The fish were decapitated and descaled, then individually thoroughly homogenized. The samples were stored at −20 °C for subsequent sample preparation and GC–ECD analysis. The 4 fish were recorded as number 1, 2, 3, and 4 and were all of similar weight (10–12.5 g) at the start of the experiment. At the time of euthanasia, their respective weights were 17.0 g, 21.4 g, 48.1 g, and 66.9 g. The variation in weight was due to the different growth rates of the individual fish over the 13 mo, during which some fish may have consumed more of the plants available in the aquarium than did the others. Determination of dieldrin in the treated fish was achieved using acetonitrile and dispersive solid-phase extraction. Samples (1 g) were weighed into polypropylene centrifuge tubes. Liquid–liquid partitioning was conducted by successively adding 5 mL water, shaking by hand (30 s), then adding 5 mL acetonitrile and shaking again (30 s). A mixture of magnesium sulphate (MgSO4; 2 g), sodium chloride (NaCl; 0.5 g), sodium citrate tribasic dihydrate (C6H5Na3O7x2H2O; 0.5 g), and sodium hydrogen citrate sesquihydrate (C6H6Na2O7x1.5H2O; 0.25 g) was added. The samples were then shaken by hand (1 min) and centrifuged (3180 g, 5 min, 15 °C). The sample extract aliquots (4 mL) were cleaned by adding a mixture of materials comprising MgSO4 (150 mg), primary–secondary amine (50 mg), and matrix solid phase dispersion C18 (50 mg) per mL of aliquot used. After vigorous vortex-mixing (30 s) and centrifugation of the tubes (1364 g, 5 min, 15 °C), 2 mL of the supernatants was transferred to glass tubes and evaporated using a TurboVap LV nitrogen evaporator (Zymark). The samples were evaporated to dryness, redissolved in 0.5 mL of toluene, and vortex-mixed (1 min). After sonication for 5 min in an ultrasonic bath (Model USC 300T; VWR), the samples were filtered through 0.45 µm polytetrafluoroethylene syringe filters, into GC vials and analyzed by GC–ECD.

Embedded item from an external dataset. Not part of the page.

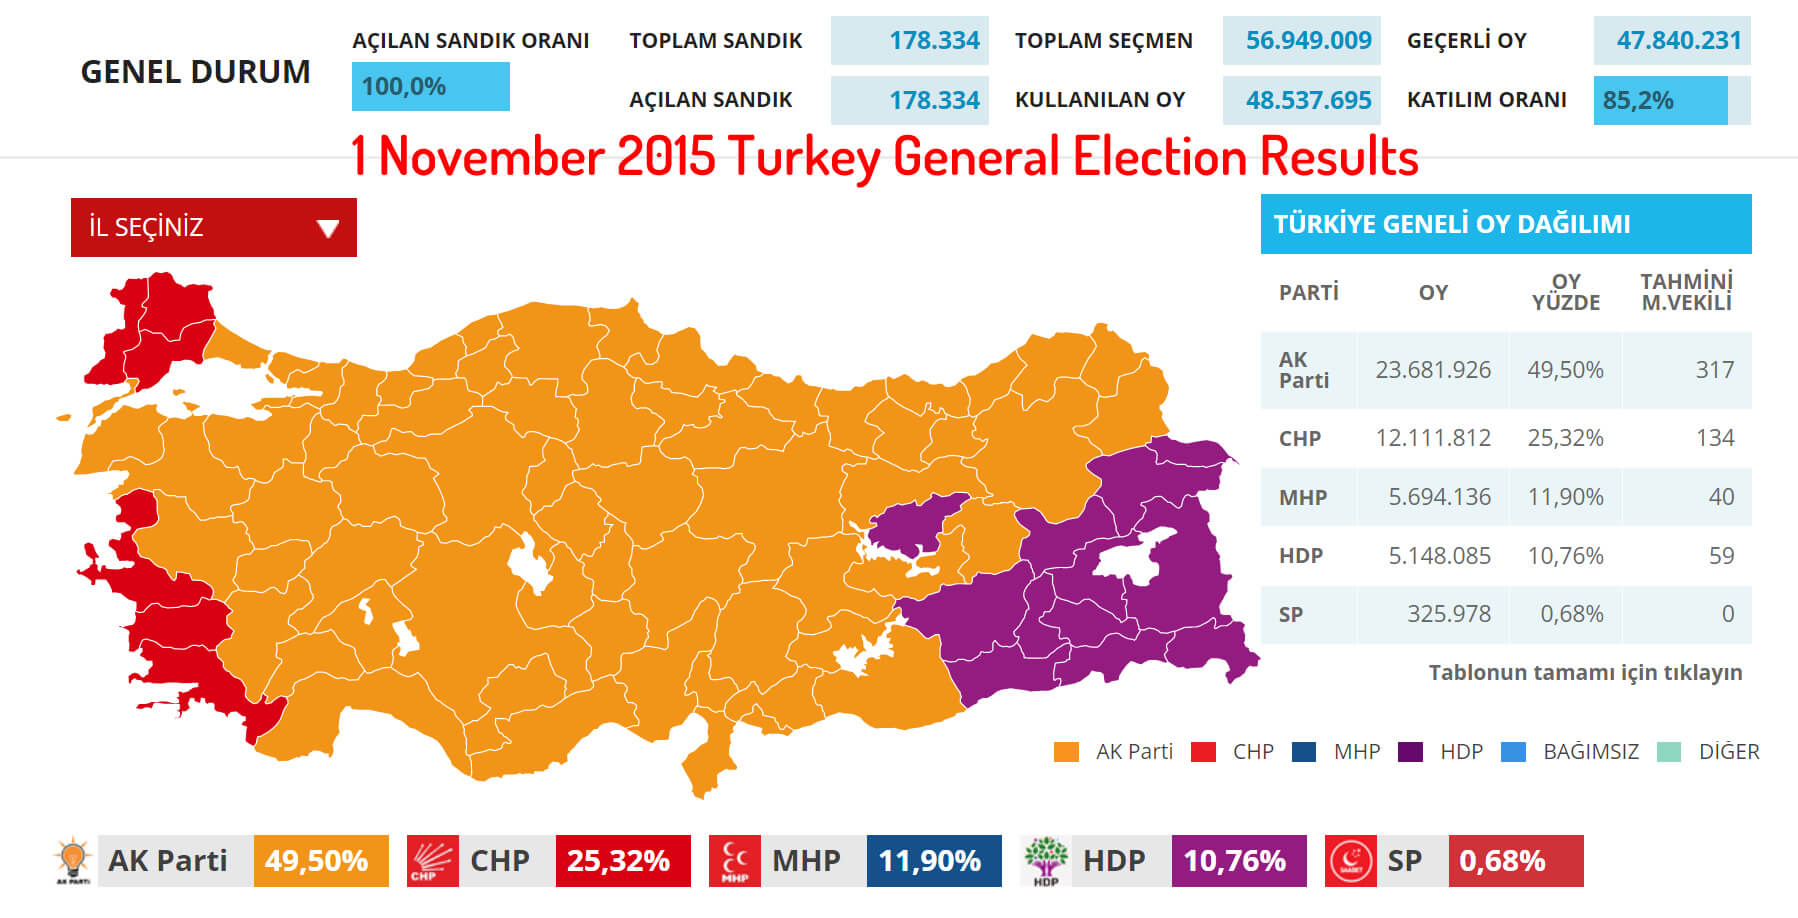 1 November 2015 Turkey General Election Results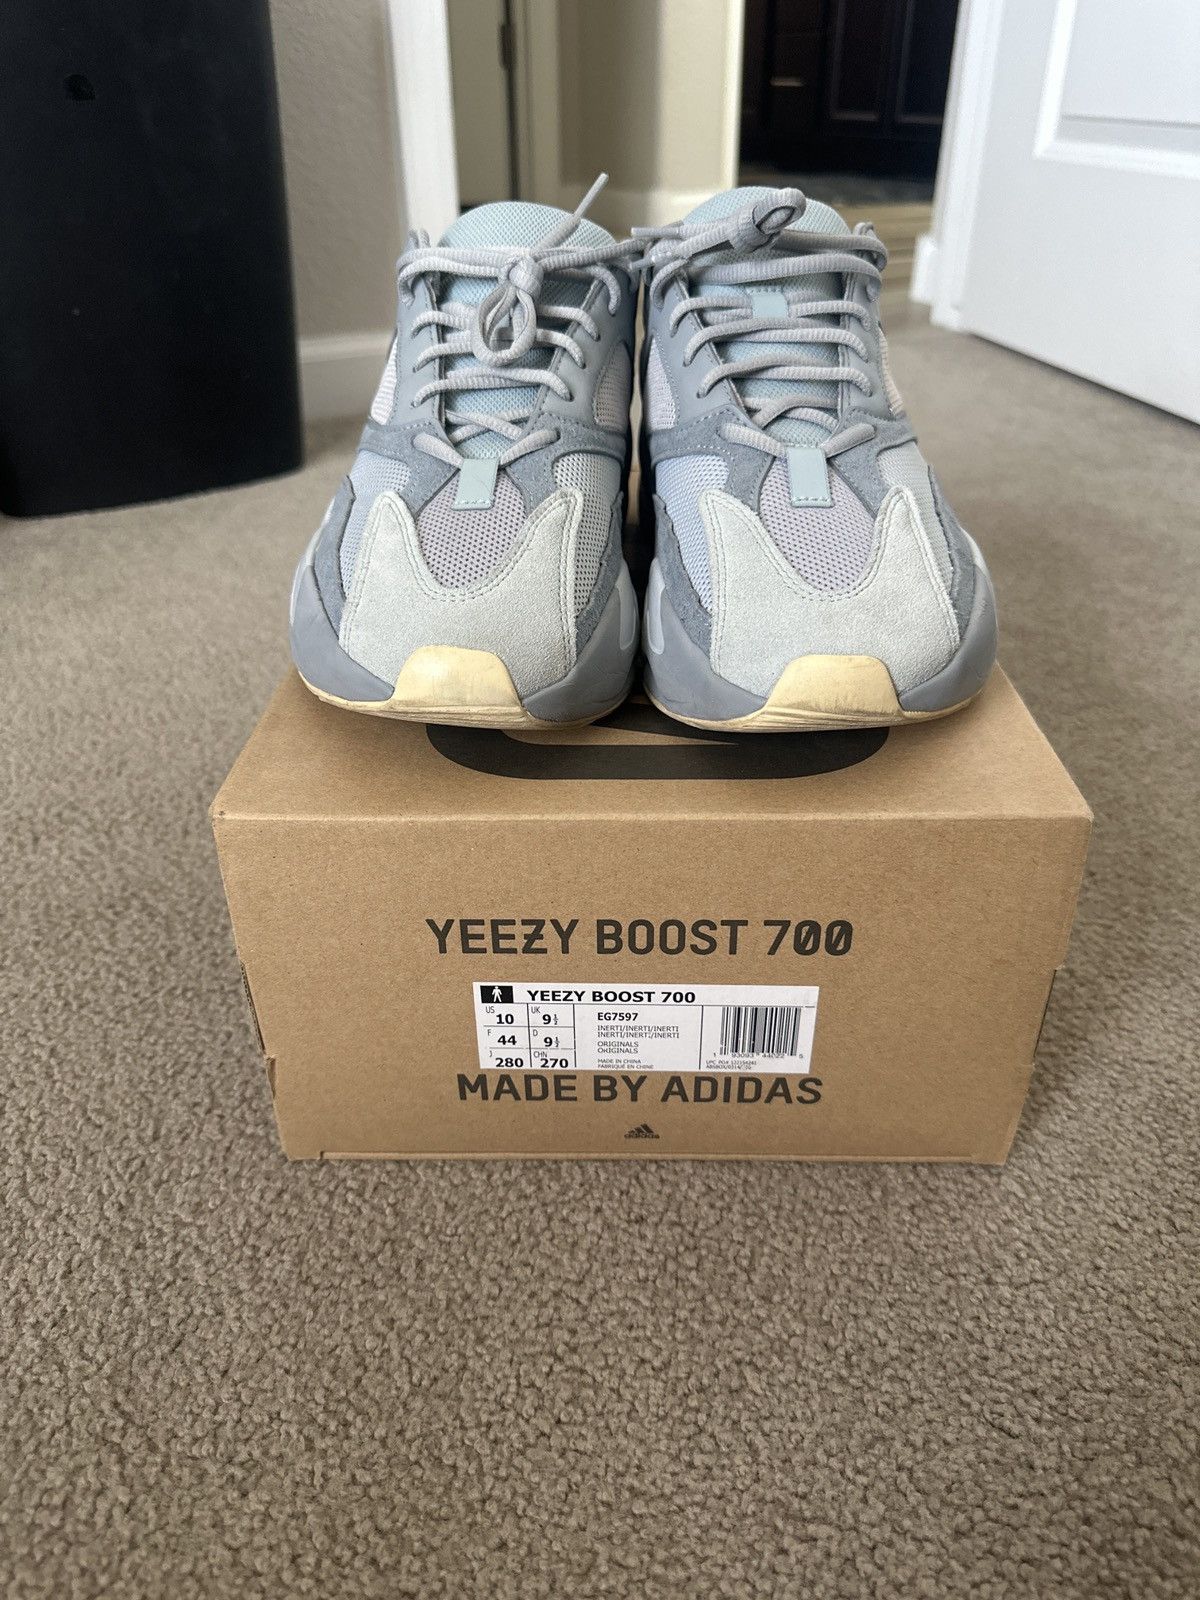 Adidas Yeezy Boost 700 “Inertia” | Grailed

Dieldrin standard solutions
The dieldrin stock standard solution (1 g/L) was prepared in toluene. From the dieldrin stock standard solution, intermediate and working standard solutions were prepared (100 ng/µL, 1 ng/µL, and 0.1 ng/µL) with toluene and 15% acetone in isooctane as the solvent. Calibrators were prepared in blank matrix over the range 24 µg/kg to 480 µg/kg for mosquitoes and 2.5 µg/kg to 60 µg/kg for fish.
Instrumental conditions
The chromatography was carried out using a Hewlett Packard (Agilent) Gas Chromatogram 6890 Series equipped with an HP-5 column (30 m × 250 µm inner diameter, 0.25 µm; Agilent) coupled with an electron-capture detector (temperature at 170 °C) in split mode. The analysis was performed with helium as the carrier gas at a flow rate of 1.5 mL/min; the initial oven temperature was 70 °C, with progressive heating to 300 °C (70 °C after 1.50 min, 110 °C after 2.50 min, 260 °C after 17.75 min, 300 °C after 22.75 min) with a total run time of 22.75 min. Data analysis was performed with the Agilent GC Chemstation (B.03.02) software and Microsoft Excel 2010.
Method validation
Mosquitoes
Mosquito samples were fortified at 3 different concentrations (24 µg/kg, 120 µg/kg, and 240 µg/kg) with a dieldrin standard solution (100 ng/mL) prepared in 15% acetone in isooctane and analyzed using the method described above in the Materials and methods, Mosquitoes section. The full validation procedure was carried out on 3 d. Three replicates were prepared for each fortification level, and 2 different persons conducted the experiment.
Fish
Blank samples of Carassius auratus auratus were obtained from a pet store. These fish were not fed with contaminated mosquitoes. Samples were analyzed by the described method, and no dieldrin was detected (less than the limit of detection of the method). As with the adult mosquitoes, the method validation was conducted on 3 d by 2 different persons alternately. The samples were fortified at 3 concentrations (2.5 µg/kg, 12.5 µg/kg, and 25.0 µg/kg) with a dieldrin standard solution (100 ng/mL) prepared in toluene.
Results
Analytical method for dieldrin
Mosquitoes
The overall recovery yields for dieldrin in mosquitoes, using the validation protocol described above in the Materials and methods, Method validation section, averaged 77.3 ± 2.2% (mean ± relative standard deviation [RSD]) (Table1). The limit of detection and the limit of quantification were 7.5 µg/kg and 24.0 µg/kg, respectively.
Table 1.
Overview of dieldrin average recoveries (RA; %) on 3 validation days, at 3 fortification levels (24 µg/kg, 120 µg/kg, and 240 µg/kg) and relative standard deviation (RSD; %) of male adult Anopheles arabiensis samples (n = 3)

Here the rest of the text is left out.